PROJECT SUMMARY Cryogenic electron microscopy can generate atomic resolution views of cells and is therefore a promising technology to study the molecular mechanisms underlying key cellular processes in cells. However, cryo-EM images cannot be interpreted directly to atomic resolution because cryo-EM imaging introduces radiation damage to biological macromolecules. Current strategies to address radiation damage require combining multiple copies to generate a single 3D reconstruction representing an average of the individual molecules. This not suitable for cellular imaging because only a select few macromolecules are present in sufficiently high numbers to generate an interpretable average. As a postdoc I contributed to the development of an alternate, single molecule strategy to characterize the structure, interactions, and organization of macromolecular complexes in cryo-EM images called 2D template matching (2DTM). Since 2DTM does not require averaging, it has the potential to simultaneously visualize all cellular complexes individually, presenting a potentially revolutionary new understanding of cellular function in health and disease. However, the potential of 2DTM is currently limited by the difficulty to localize smaller complexes. With support from the NIH New Innovators Program, I will pursue new strategies to extend 2DTM to detect and characterize smaller structures.
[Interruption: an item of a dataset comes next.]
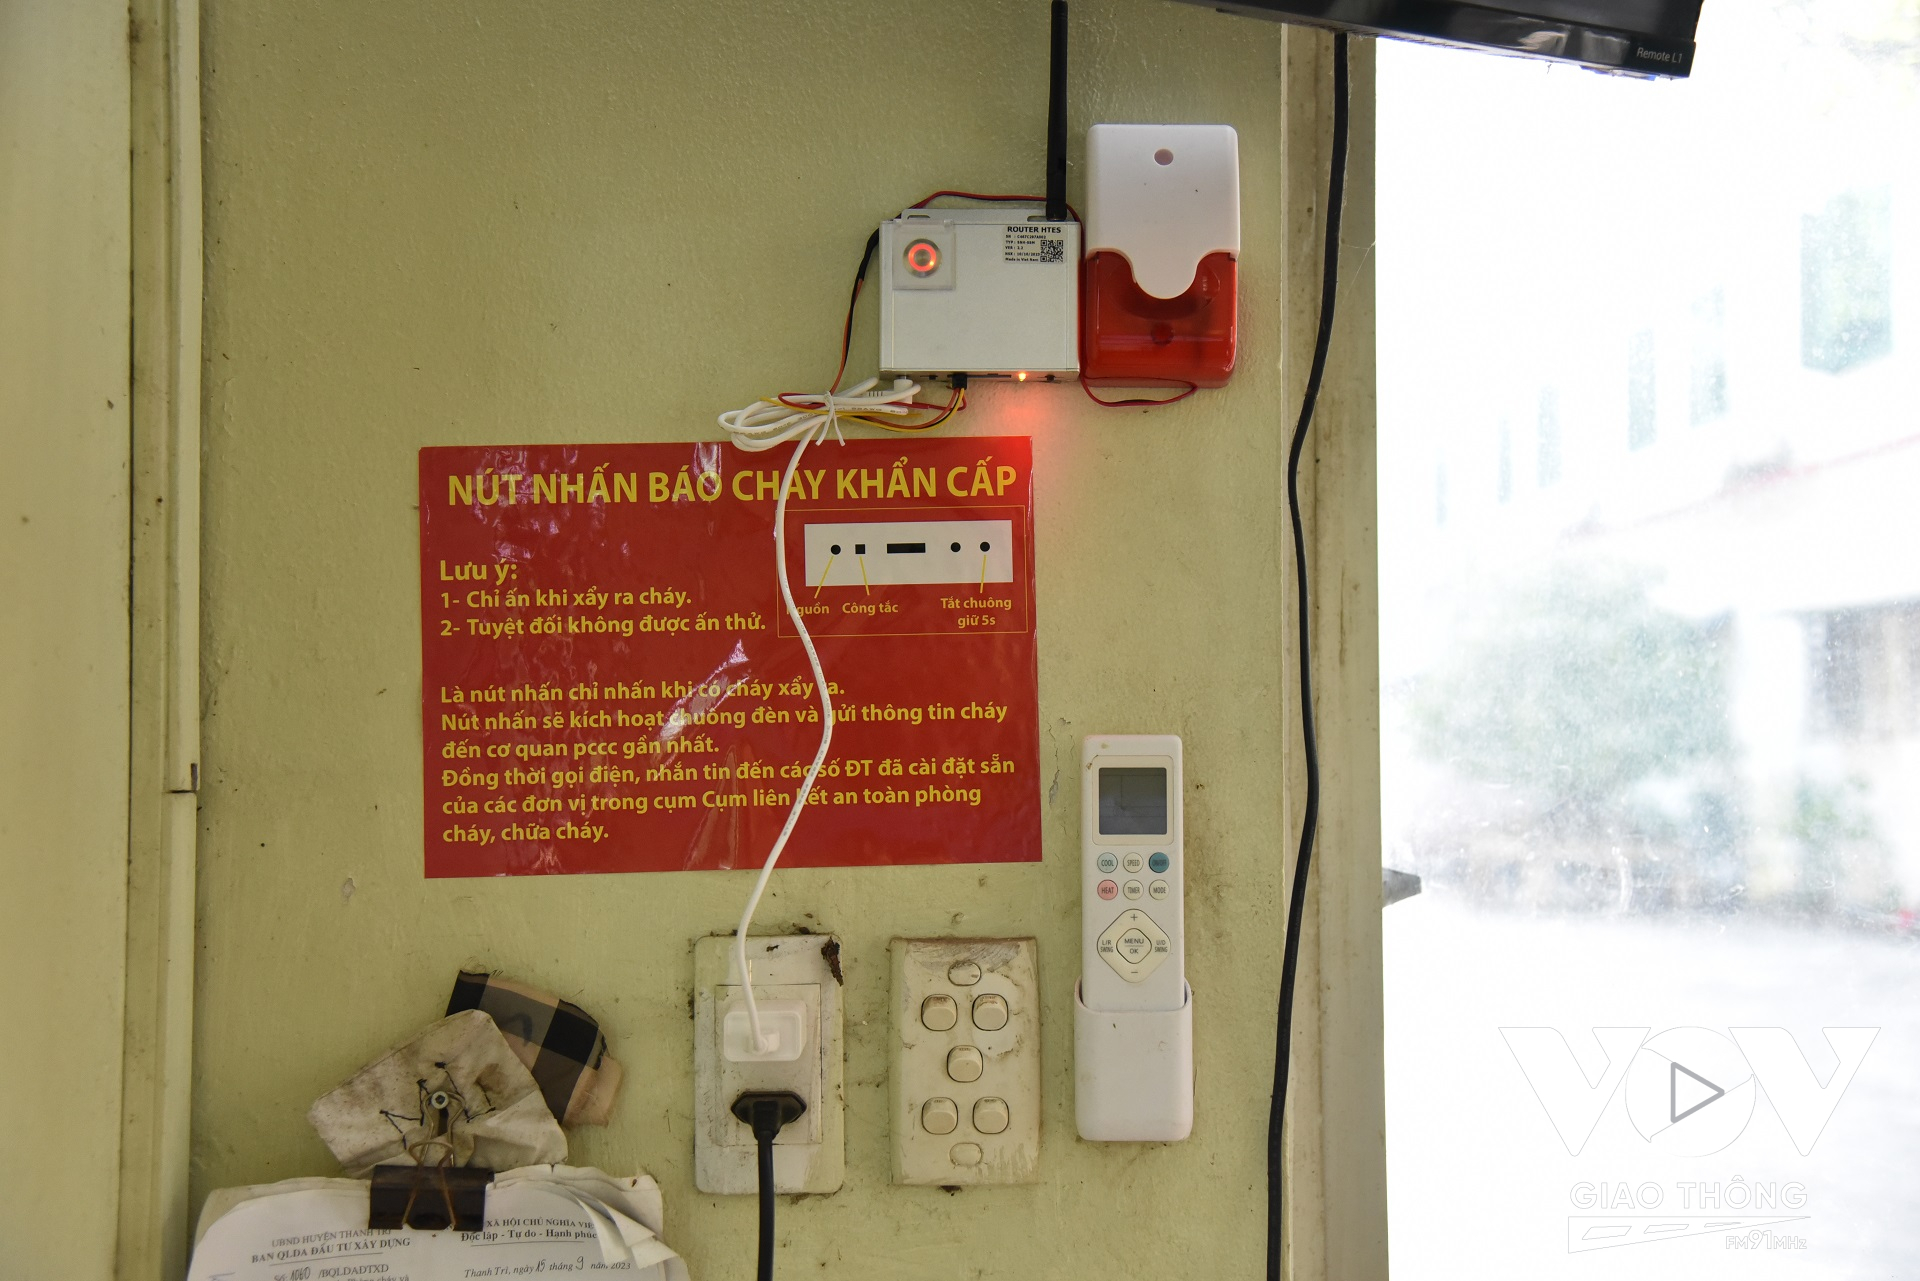 Hệ thống chuông, đèn, nút ấn báo cháy được kết nối giữa các đơn vị, DN trong Cụm liên kết an toàn PCCC” thuộc cụm công nghiệp Ngọc Hồi

New technologies, particularly new imaging technologies, open new avenues of research because they allow us to ask questions and see things that were never previously possible. Opening the cell to visualization at the resolution of individual macromolecules will undoubtably reveal new, previously unanticipated biology.

PROEJCT NARRATIVE Cells are the fundamental unit of life. All cellular functions ultimately result from the structure, interactions, and organization of their component macromolecules. I will develop new methods using cryo-EM to visualize macromolecular structure within cells. This will provide previously inaccessible insight into the molecular mechanisms of cellular processes in health and disease.